Human Agency Eats Intelligence: Where the Leverage Moves
The slide makes a structural claim worth slowing down on. When intelligence becomes abundant, the thing that becomes scarce is whatever the abundant resource depends on to produce value. For intelligence, that dependency is direction. Setting intention. Making judgment. Taking responsibility for the outcome. Those three capabilities are not new. They have always been the difference between thinking and decision-making. The shift is that they used to be packaged with intelligence inside the same human worker. Now they are separable from it, and the half that is separating off, the direction half, is where the leverage is moving.
Reading Karpathy Closely
This is a confession, and it is worth reading as one. Andrej Karpathy is one of the people who built modern AI. He led computer vision at Tesla. He was a founding member of OpenAI. He spent two decades inside the assumption that intelligence is the rare, valuable resource. And here he is in 2025, saying that assumption is wrong. Not slightly wrong. Significantly wrong. Agency, the capacity to set direction, make judgment, take responsibility for consequences, is the more powerful resource and the scarcer one. That is not a marketing claim or a thought-leadership take. It is an engineer's revised model after watching the systems he helped build reach a point where intelligence is no longer the bottleneck. The bottleneck is what intelligence is pointed at, and who is accountable for the point.

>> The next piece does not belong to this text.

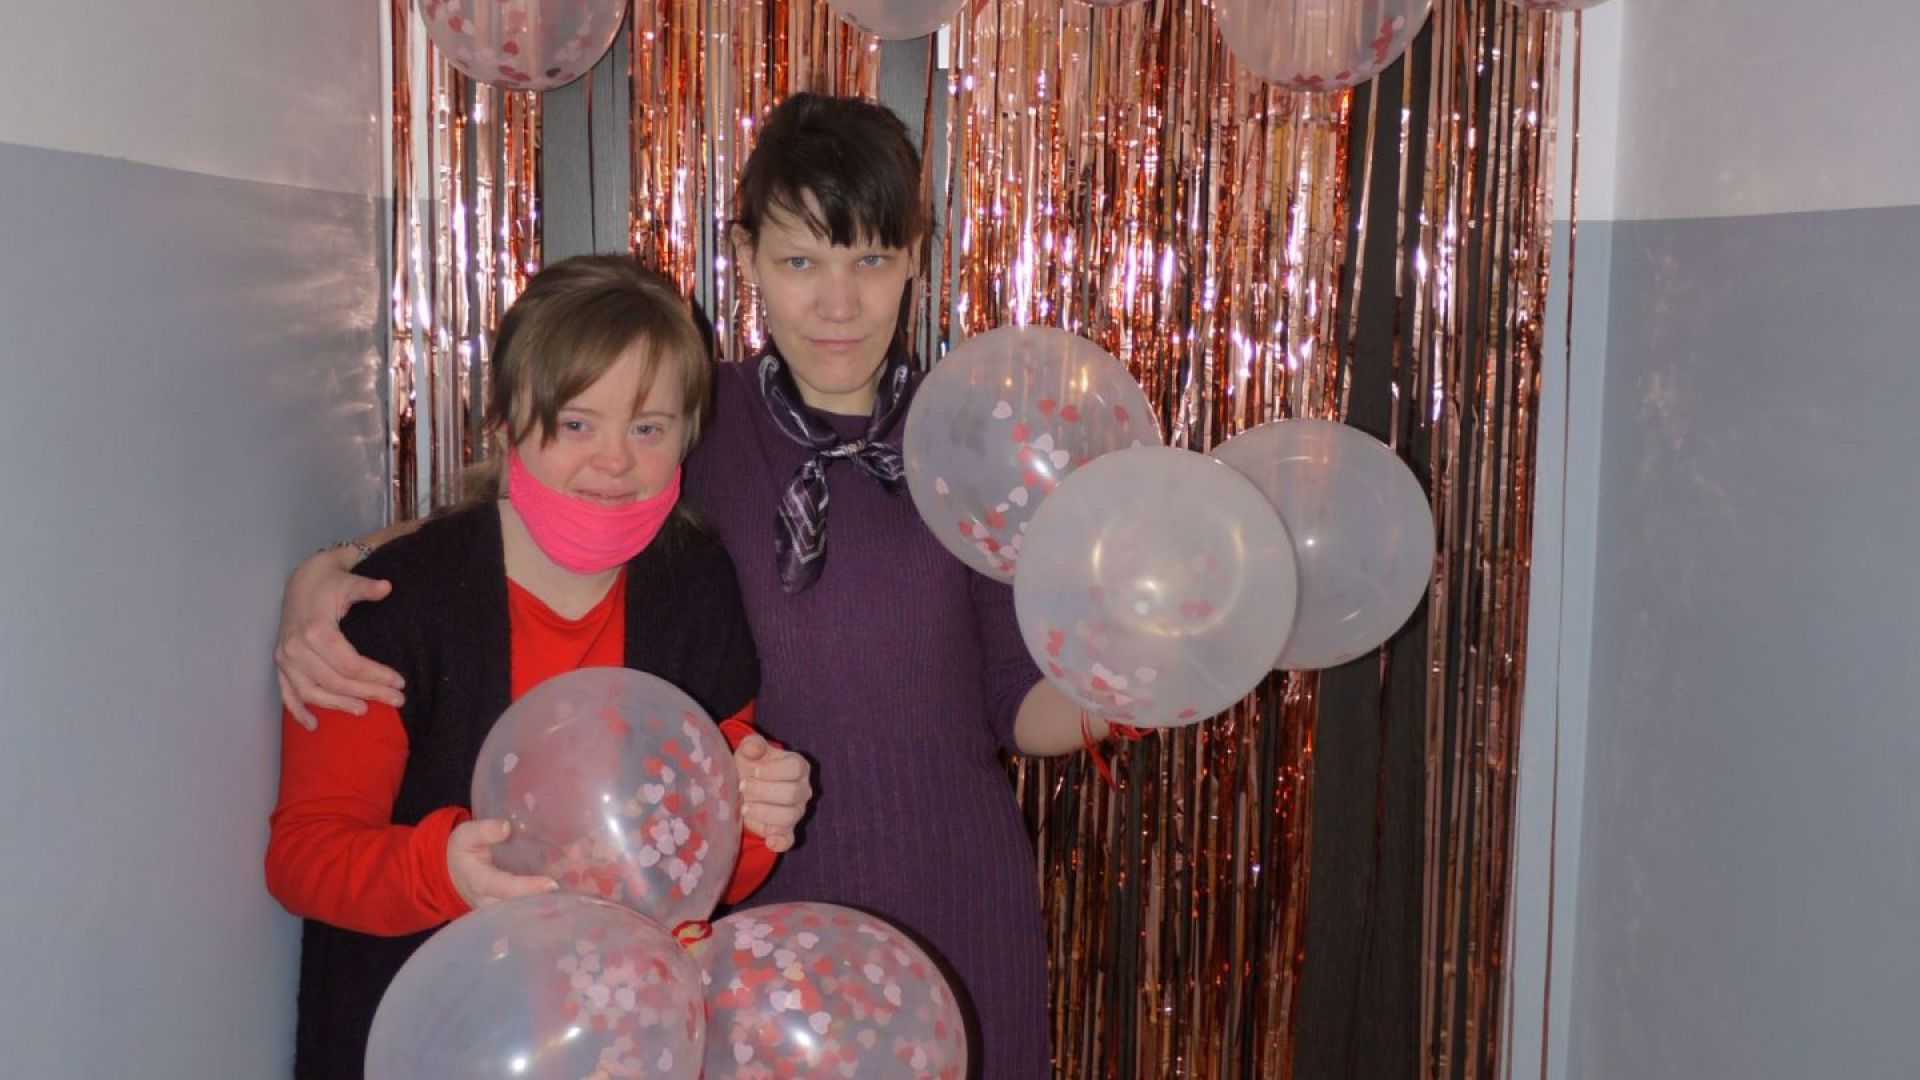 Martyna W. i Małgorzata W. pozujące na ściance udekorowanej serpentynami, balonami i serduszkami. W rękach trzymają balony.

The Fourth Great Economic Transformation
Every economic revolution makes something previously scarce abundant. Every time it happens, what becomes valuable shifts. Food surplus made agrarian skill the rare and valuable capacity. Mechanical power made manufacturing capability the rare and valuable capacity. Computation made knowledge work the rare and valuable capacity. We are inside the fourth. Intelligence is becoming abundant, and value is shifting again, this time to the human capacity to decide what intelligence gets pointed at, judge whether the output is any good, and own the consequences. The row at the bottom of each column is the operational consequence worth holding. Each revolution required a new way of organizing how work flows. The fourth requires agentic workflow design. The people and institutions that learn it quickly enough to lead inside the next eighteen months are the ones who will define what this economy looks like.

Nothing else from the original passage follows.